**Exercise details**
Report back every line from the entries below in which the word "Black" occurs.
═══ Given information
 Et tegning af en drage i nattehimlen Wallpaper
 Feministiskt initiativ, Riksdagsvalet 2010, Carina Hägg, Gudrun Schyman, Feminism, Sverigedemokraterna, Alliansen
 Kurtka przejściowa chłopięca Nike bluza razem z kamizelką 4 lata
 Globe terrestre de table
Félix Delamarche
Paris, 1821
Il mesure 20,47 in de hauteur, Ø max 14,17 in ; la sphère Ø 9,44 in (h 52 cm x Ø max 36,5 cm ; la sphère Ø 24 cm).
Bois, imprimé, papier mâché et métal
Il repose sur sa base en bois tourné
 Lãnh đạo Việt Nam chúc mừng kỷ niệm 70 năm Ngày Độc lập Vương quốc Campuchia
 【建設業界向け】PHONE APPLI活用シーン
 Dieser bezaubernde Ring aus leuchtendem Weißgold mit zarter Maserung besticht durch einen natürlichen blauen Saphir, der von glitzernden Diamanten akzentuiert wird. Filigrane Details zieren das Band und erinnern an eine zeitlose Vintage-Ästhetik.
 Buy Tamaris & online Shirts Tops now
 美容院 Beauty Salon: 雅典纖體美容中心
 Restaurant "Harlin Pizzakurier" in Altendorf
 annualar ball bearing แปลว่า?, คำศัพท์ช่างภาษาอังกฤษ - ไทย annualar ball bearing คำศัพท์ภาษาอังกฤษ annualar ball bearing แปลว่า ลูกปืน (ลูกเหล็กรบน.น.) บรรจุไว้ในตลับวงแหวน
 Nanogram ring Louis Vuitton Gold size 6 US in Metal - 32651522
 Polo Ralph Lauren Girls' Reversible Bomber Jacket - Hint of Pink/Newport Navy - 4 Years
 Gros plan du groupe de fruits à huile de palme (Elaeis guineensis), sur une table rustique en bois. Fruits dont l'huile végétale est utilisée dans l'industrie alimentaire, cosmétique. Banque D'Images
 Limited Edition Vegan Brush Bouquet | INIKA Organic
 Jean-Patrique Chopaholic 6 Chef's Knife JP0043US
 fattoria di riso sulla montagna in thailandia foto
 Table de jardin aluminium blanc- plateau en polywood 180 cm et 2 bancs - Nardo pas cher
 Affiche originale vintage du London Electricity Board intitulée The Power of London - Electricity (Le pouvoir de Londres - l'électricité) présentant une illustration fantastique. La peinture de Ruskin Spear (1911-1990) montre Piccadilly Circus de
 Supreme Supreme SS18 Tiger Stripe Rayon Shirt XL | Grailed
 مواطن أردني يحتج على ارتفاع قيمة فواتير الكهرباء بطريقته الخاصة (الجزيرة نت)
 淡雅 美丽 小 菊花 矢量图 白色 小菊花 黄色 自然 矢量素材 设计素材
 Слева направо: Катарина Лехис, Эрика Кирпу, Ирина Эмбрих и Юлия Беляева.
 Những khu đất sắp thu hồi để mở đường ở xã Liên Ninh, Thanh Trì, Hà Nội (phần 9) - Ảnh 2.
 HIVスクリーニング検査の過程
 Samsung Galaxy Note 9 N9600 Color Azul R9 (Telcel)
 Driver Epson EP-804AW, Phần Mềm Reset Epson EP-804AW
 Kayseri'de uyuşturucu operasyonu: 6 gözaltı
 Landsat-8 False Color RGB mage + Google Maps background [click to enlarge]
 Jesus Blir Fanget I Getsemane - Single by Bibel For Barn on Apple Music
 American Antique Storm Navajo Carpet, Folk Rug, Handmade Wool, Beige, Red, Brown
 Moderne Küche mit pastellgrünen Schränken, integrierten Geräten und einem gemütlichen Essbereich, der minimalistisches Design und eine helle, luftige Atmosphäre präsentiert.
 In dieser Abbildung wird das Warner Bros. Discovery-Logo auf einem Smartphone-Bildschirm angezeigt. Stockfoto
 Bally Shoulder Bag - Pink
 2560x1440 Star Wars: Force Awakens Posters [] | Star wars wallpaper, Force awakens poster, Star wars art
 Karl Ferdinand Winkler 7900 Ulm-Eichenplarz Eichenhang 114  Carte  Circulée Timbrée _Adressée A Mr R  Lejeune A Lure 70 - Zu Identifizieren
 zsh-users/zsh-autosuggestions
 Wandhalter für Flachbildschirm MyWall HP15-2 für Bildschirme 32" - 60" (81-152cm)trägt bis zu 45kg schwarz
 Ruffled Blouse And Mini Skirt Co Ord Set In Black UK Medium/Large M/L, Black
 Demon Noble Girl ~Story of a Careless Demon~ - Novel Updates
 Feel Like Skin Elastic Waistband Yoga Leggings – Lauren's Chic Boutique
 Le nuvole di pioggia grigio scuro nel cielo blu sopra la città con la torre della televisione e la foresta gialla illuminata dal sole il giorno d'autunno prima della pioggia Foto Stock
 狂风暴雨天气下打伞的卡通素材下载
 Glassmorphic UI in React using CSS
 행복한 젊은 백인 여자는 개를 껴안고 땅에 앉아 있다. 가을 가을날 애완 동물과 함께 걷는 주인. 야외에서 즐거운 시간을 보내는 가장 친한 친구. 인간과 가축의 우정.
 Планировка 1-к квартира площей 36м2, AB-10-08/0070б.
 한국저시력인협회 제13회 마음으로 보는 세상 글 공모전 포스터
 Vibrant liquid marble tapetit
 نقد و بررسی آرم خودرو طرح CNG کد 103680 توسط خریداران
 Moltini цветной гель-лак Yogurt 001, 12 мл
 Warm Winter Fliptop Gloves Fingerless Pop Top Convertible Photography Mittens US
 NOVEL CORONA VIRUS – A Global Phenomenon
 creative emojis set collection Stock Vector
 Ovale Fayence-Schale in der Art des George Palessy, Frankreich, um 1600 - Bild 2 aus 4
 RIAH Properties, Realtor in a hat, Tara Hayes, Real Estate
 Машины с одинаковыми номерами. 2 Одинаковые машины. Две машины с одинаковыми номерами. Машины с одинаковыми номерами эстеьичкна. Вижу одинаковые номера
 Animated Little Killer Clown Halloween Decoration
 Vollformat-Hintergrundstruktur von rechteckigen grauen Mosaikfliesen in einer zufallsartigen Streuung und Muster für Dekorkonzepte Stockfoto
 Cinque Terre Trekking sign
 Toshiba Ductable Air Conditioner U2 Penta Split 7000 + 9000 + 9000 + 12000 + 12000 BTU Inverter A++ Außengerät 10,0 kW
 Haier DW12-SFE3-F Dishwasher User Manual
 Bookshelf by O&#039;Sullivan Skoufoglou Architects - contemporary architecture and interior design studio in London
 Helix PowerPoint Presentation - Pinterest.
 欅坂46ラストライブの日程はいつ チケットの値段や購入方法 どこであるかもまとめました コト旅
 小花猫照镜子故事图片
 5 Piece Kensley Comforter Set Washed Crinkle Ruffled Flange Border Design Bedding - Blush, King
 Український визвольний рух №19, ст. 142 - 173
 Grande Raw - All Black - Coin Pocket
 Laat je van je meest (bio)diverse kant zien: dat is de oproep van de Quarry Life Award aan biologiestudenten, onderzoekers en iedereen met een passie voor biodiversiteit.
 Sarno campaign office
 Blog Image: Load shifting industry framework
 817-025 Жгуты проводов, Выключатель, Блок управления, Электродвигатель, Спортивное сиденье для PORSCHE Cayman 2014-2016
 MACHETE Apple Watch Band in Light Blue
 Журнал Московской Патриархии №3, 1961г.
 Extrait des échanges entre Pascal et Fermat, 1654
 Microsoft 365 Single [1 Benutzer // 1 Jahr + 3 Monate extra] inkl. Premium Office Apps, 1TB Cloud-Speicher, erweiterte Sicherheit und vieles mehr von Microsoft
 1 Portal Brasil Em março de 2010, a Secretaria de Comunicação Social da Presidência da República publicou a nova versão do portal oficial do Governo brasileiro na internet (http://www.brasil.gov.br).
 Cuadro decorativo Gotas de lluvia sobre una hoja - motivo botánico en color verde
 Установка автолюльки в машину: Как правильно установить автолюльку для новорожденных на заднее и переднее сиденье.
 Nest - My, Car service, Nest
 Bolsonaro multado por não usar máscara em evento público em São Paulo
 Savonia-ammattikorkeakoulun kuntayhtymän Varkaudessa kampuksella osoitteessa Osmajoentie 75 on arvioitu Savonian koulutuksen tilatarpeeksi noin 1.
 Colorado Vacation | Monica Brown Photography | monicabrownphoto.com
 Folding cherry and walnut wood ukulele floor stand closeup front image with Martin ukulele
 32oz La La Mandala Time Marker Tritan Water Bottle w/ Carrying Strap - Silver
══════
**Expected output**
 Ruffled Blouse And Mini Skirt Co Ord Set In Black UK Medium/Large M/L, Black
 Grande Raw - All Black - Coin Pocket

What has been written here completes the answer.